The last presidential election could create a playbook for 21st-century conflict in politics and in boardrooms, says Sen. Mark Warner.
As investigators paint a clearer picture of Russia’s role in the 2016 presidential election, one lawmaker worries the strategies used to spread misinformation online will only become more prevalent in the years ahead.
“Conflict in the 21st century will be less about tanks, guns and rockets and much more about cyberattacks, misinformation and disinformation,” said Sen. Mark Warner, D-Va., at an Axios News Shapers event on Thursday.
As vice chairman of the Senate committee leading the Russia investigation, Warner has pressed social media platforms become more transparent about who is generating content on their sites. Tech companies have been more forthcoming with lawmakers in recent months, he said, but Facebook or Twitter have yet to expose the full extent of Russia’s activity.
“I don’t believe they put appropriate assets behind investigating,” he said. “I would like to have a higher confidence that they are cooperating.”
In its investigation, the Senate Intelligence Committee revealed that Russian trolls used bots and fake accounts to spread misinformation and expose potentially millions of users to propaganda.
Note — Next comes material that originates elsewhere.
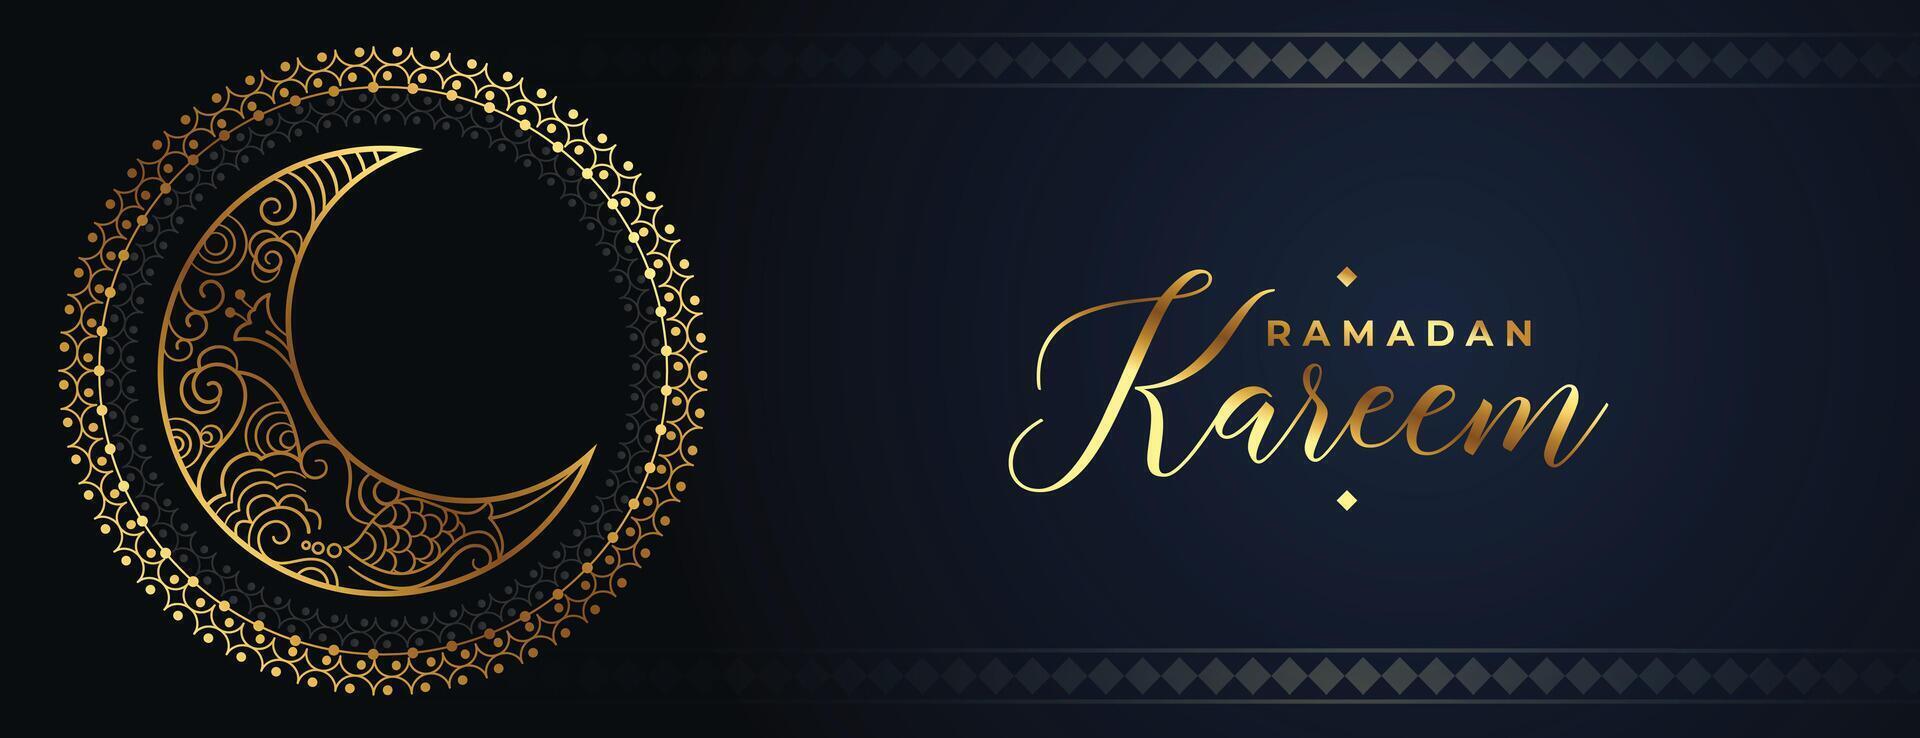 dekorativ Ramadan kareem Arabisch Stil golden Mond Banner vektor

Lawmakers also traced more than 3,000 paid political ads on Facebook, Twitter and Google to Russian groups.
If the situation goes unchecked, Warner worries the strategies used during the presidential race could proliferate beyond political campaigns and into the corporate world.
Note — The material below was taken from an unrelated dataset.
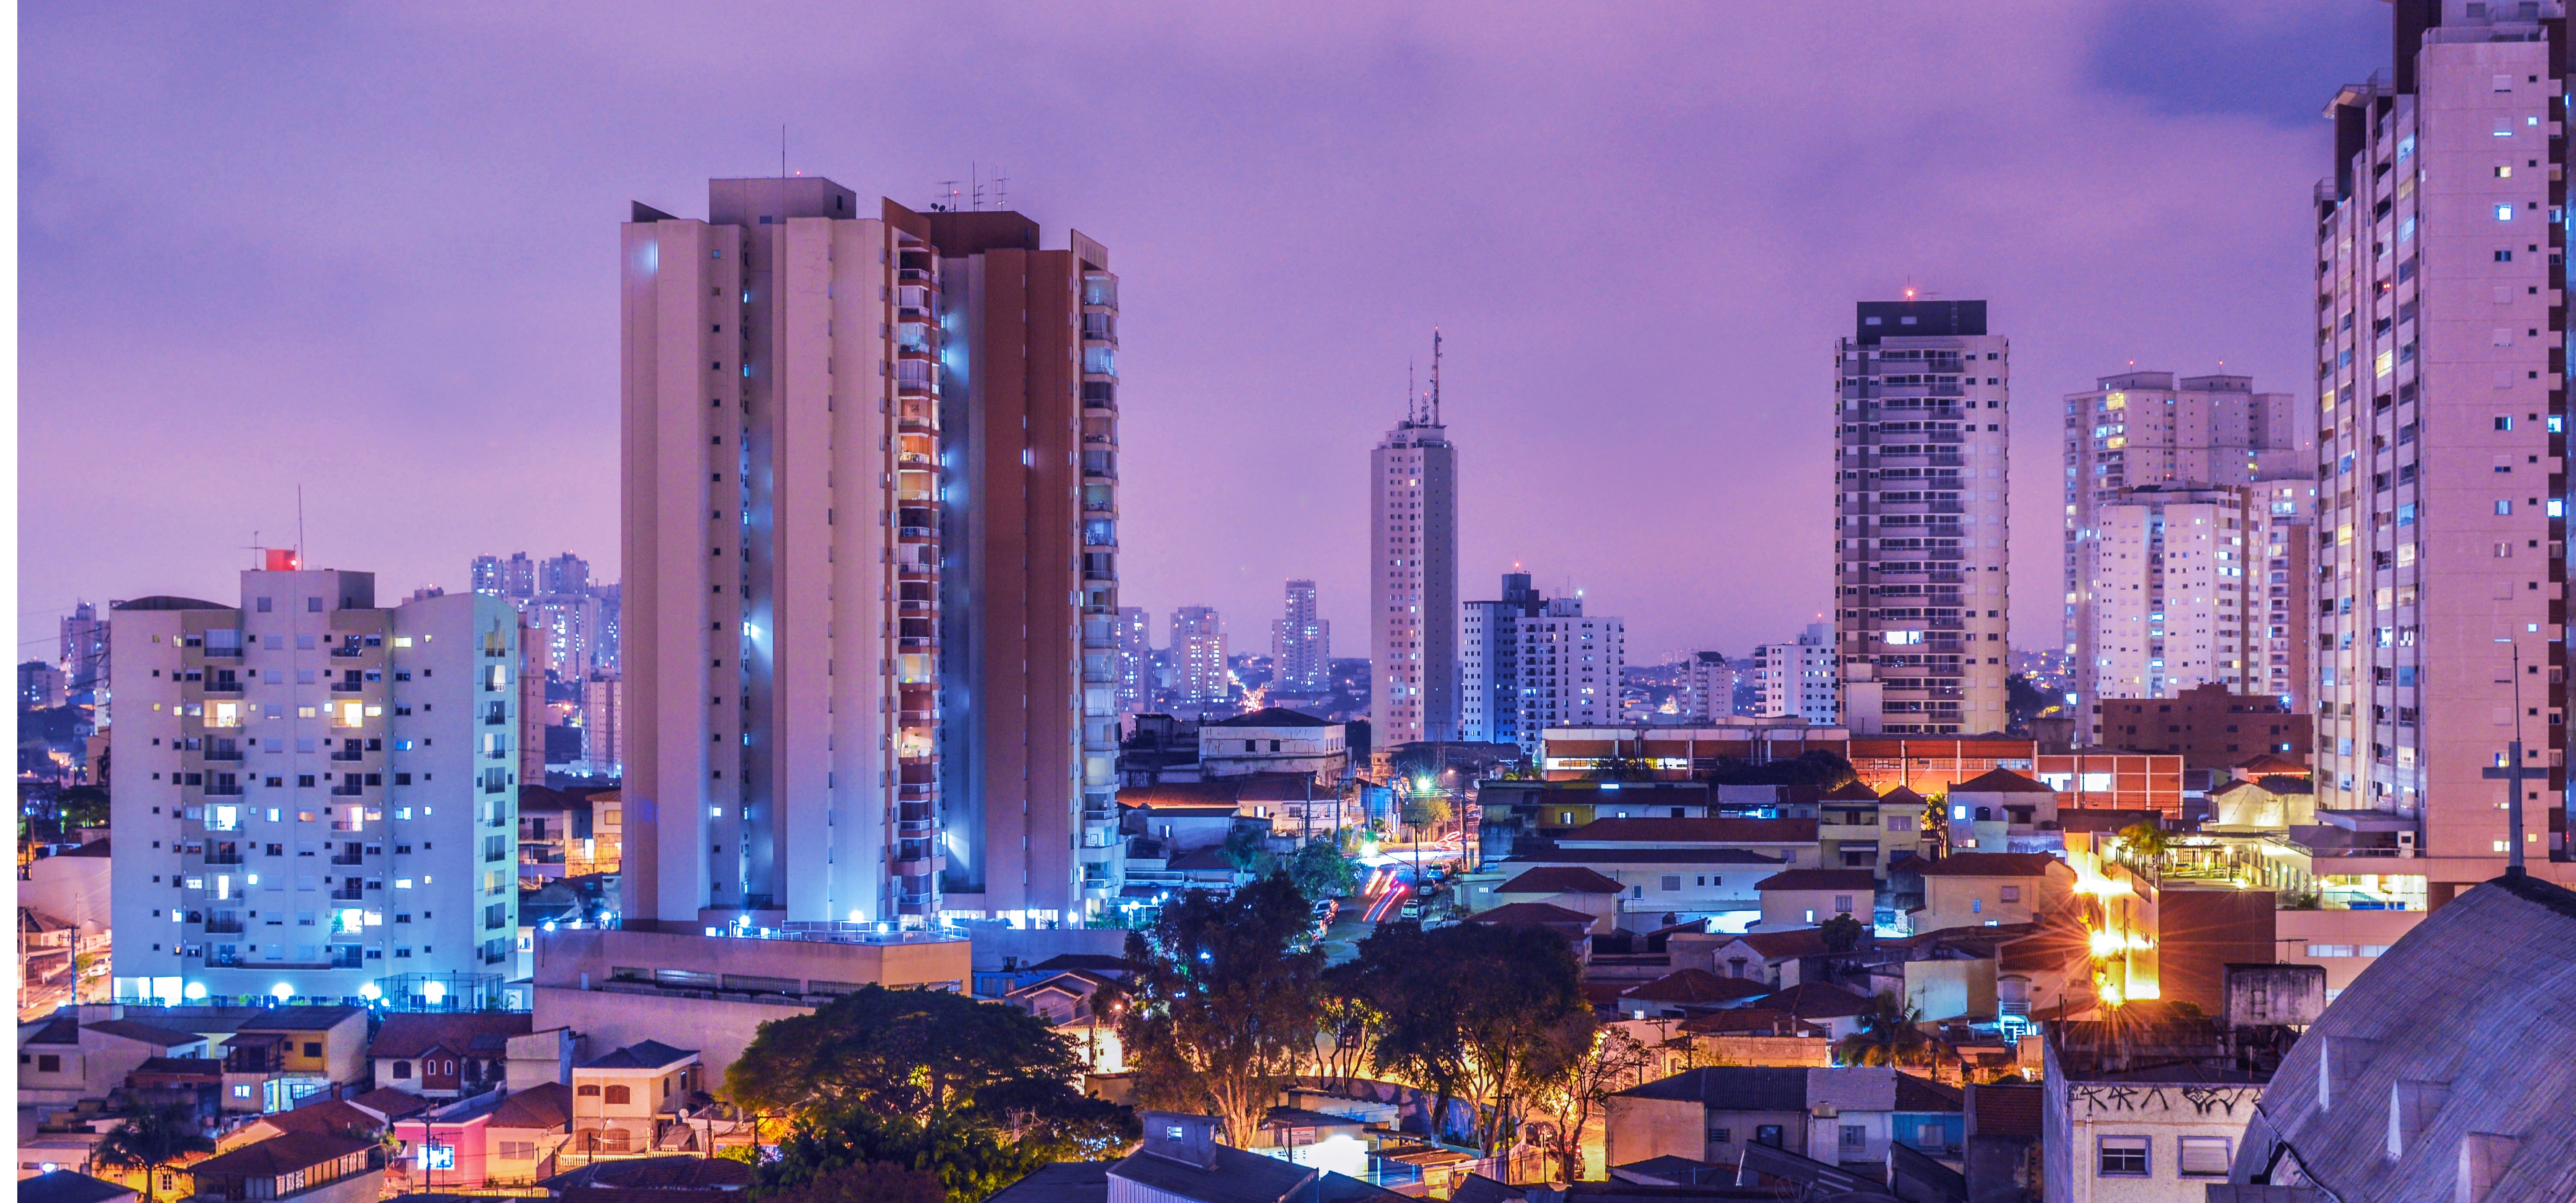 night-time-city-scape-of-sao-paulo-brazil-1

“You’ve got a model where you can take any story, no matter how out there, and get it onto virtually all of your newsfeeds,” he said. “I’ve been told about companies and individuals in [Silicon Valley] that are basically going to copy the Russian playbook and are going to start creating American-based firms for corporate warfare using these exact tools.”
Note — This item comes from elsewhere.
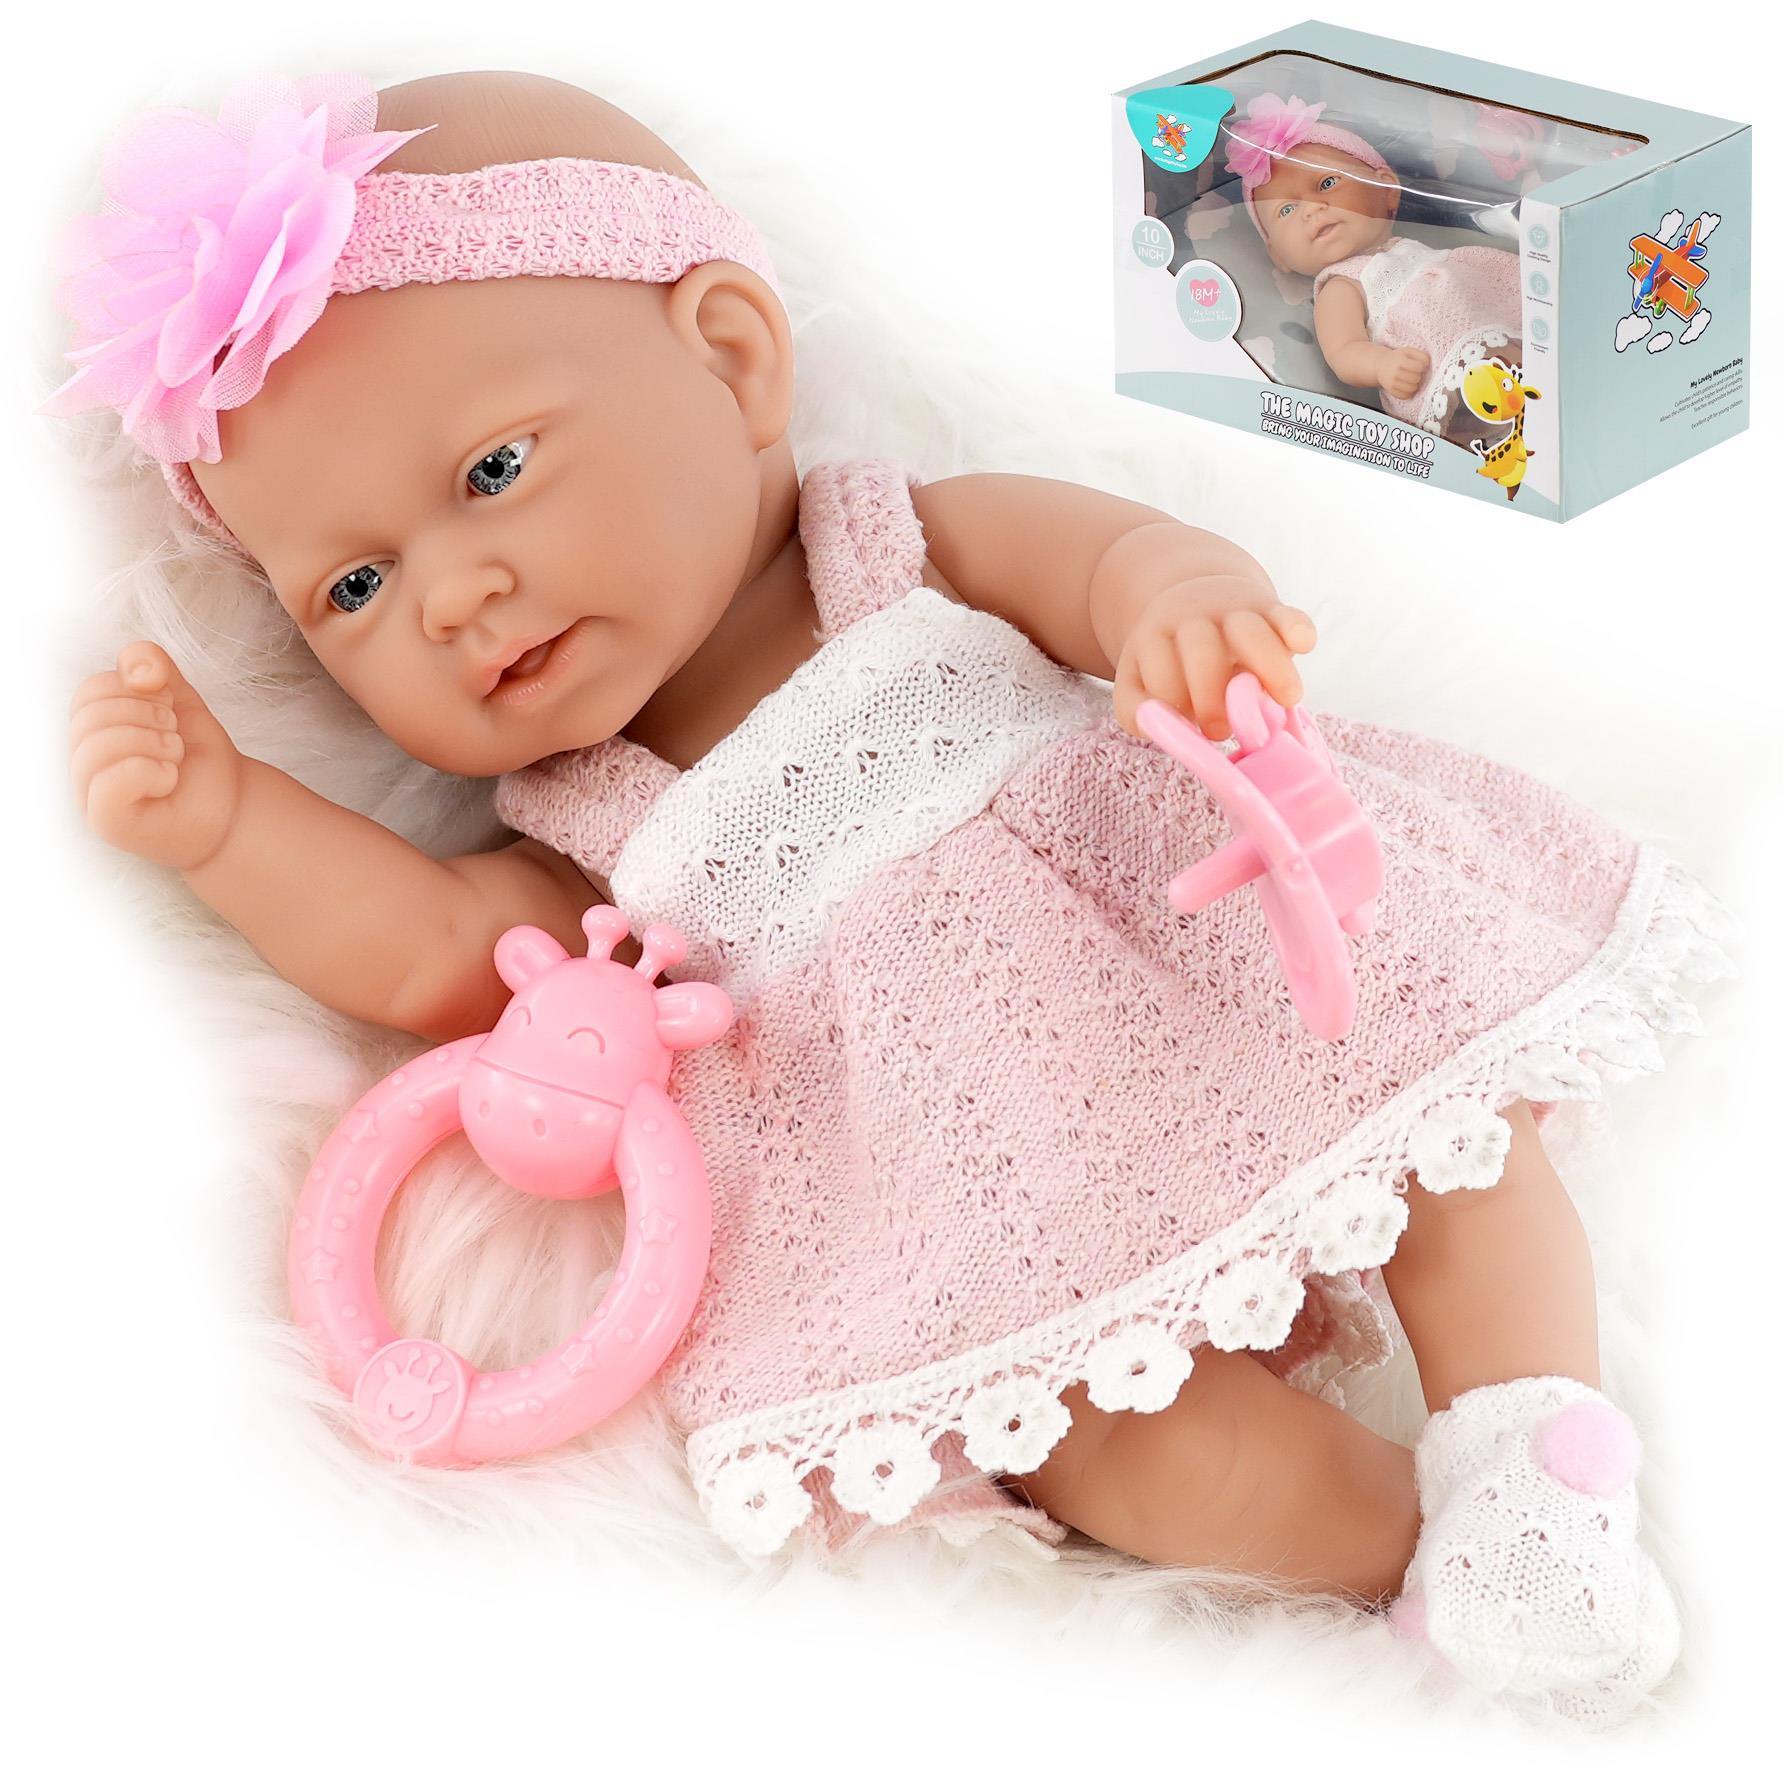 BiBi Baby Doll Play Set (25 cm / 10") by BiBi Doll - The Magic Toy Shop

In October, Warner and Sen. Amy Klobuchar, D-Minn., introduced the Honest Ads Act, which would force social media and other web platforms to disclose who paid for political ads posted on their sites. Similar requirements already apply to broadcast, radio and print outlets, and would ensure Americans know who and where their online is coming from, he said.
While Warner said he expected the Intelligence Committee’s Nov. 1 hearing with social media companies to drum up bipartisan enthusiasm for the bill, the support has been slow to come. Eight Democrats have since signed onto the bill, but Sen. John McCain, R-Ariz., remains the only Republican cosponsor.
Creating a framework to protect Americans from online threats and invasions of privacy is becoming increasingly important as firms from more technologically repressive countries like China begin entering the U.S. marketplace, Warner said. The government’s ban on Kaspersky software has already underscored the reality of this threat, he said.
“I think we have to be concerned whether the rules that these firms operate under in China—where the government has a lot more access to the data and information—can end up infiltrating our American system,” he said.